Wayne wrote this down because apparently getting arrested in a fake utility van wasn’t dramatic enough without documentation.
This is his version of what happened at Crownline Service Hub 14.
He remembers the systems, the timing, the hardware, and every deeply irritating decision he made without consulting me first. He also remembers his own dialogue suspiciously well, so assume he practiced the last line.
It’s good.
Annoyingly good.
The Crownline Incident
Wayne POV
October 17, 2024
Nib brought him paper.
Not real paper. Not the kind that held ink and remembered hands.

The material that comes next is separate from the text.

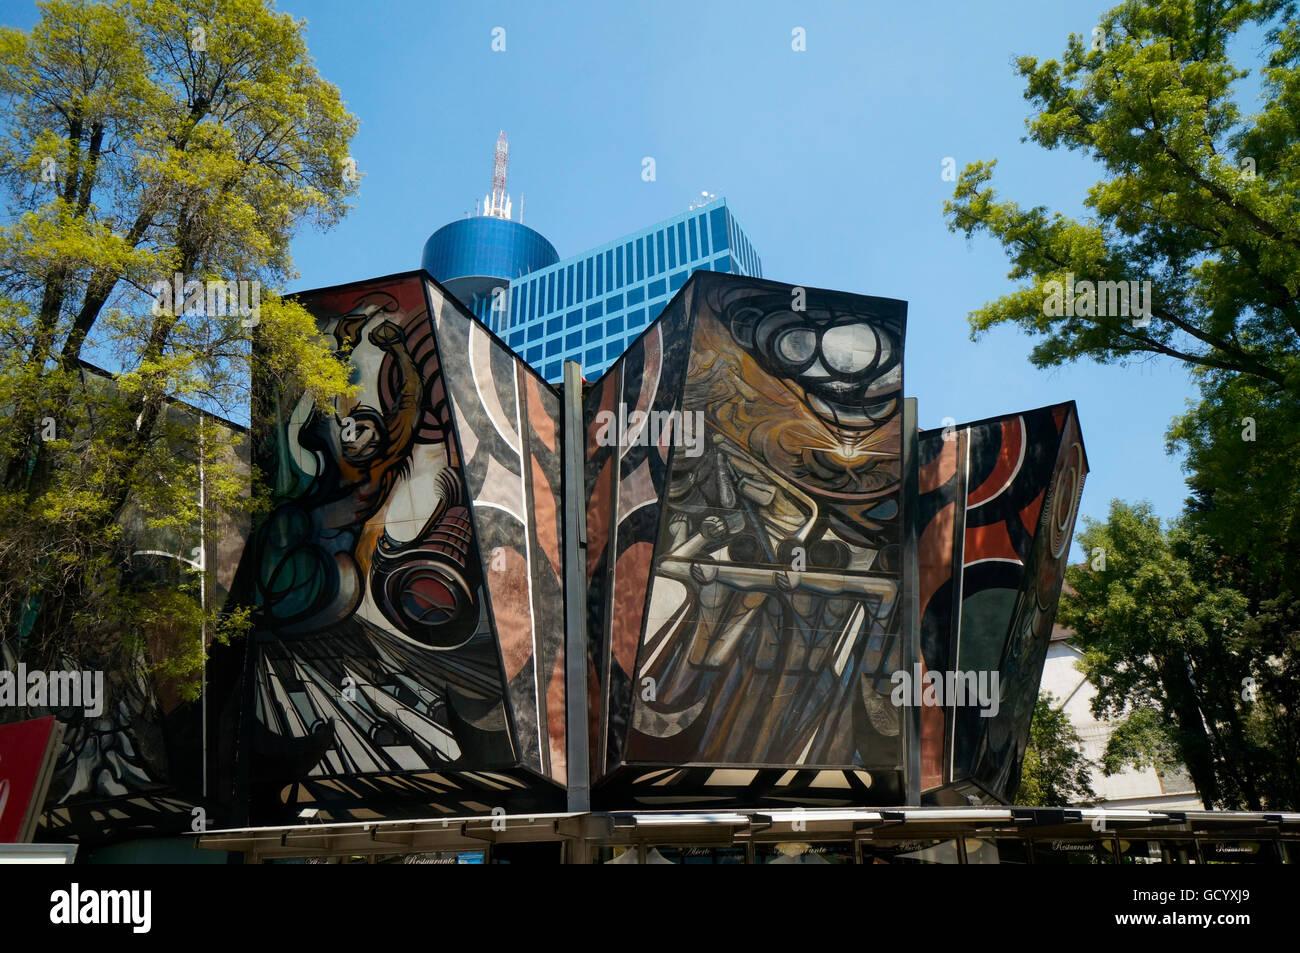 Polyforum Siqueiros Building Murals In Mexico City Mexico Giant

Crownline did not believe in anything that honest.
She brought him fragments: captures, copied headers, a partial routing schedule, half a compliance notice, three names she should not have had, and one map of Three Wires with too many old Winter Grid Cut routes marked in clean blue lines.
Wayne looked at the first page.
Then the second.
He did not need the third, but he read it anyway.

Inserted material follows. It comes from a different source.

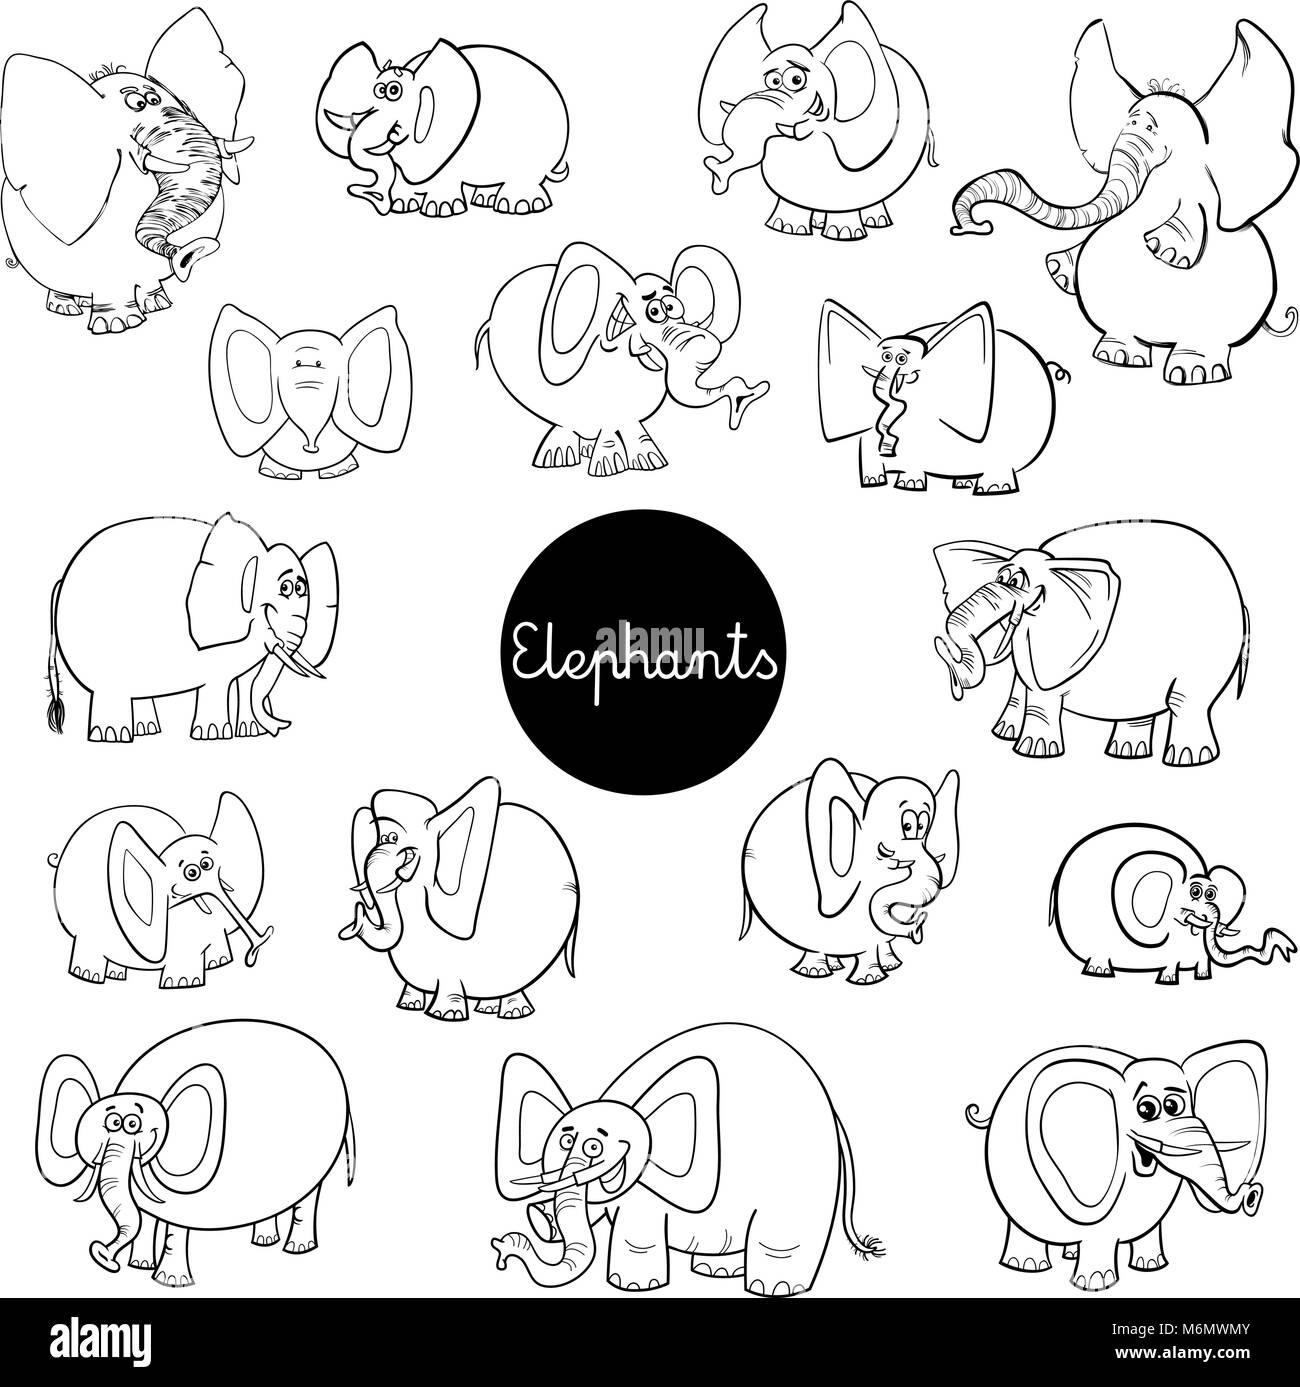 Ilustración caricatura en blanco y negro de personajes de animales ...

Nib stood on the other side of the counter at The Last Byte with her shoulders high and her mouth already sharpened for a fight.
"They're calling it a safety sweep," she said.
"Of course they are."
"Three Wires. Patch crews. Old routes. Families. Repeat infrastructure offenders." She said the last part like it tasted bad. "Bastion support listed as provisional."
Wayne read the line again.
Provisional.
That meant scheduled.
"They're doing it again," Nib said.
No.
Not again.
Again was too simple.
Again would have been sloppy. Again would have looked like 2016: a service event, a delay, a district freezing under language clean enough to pass inspection.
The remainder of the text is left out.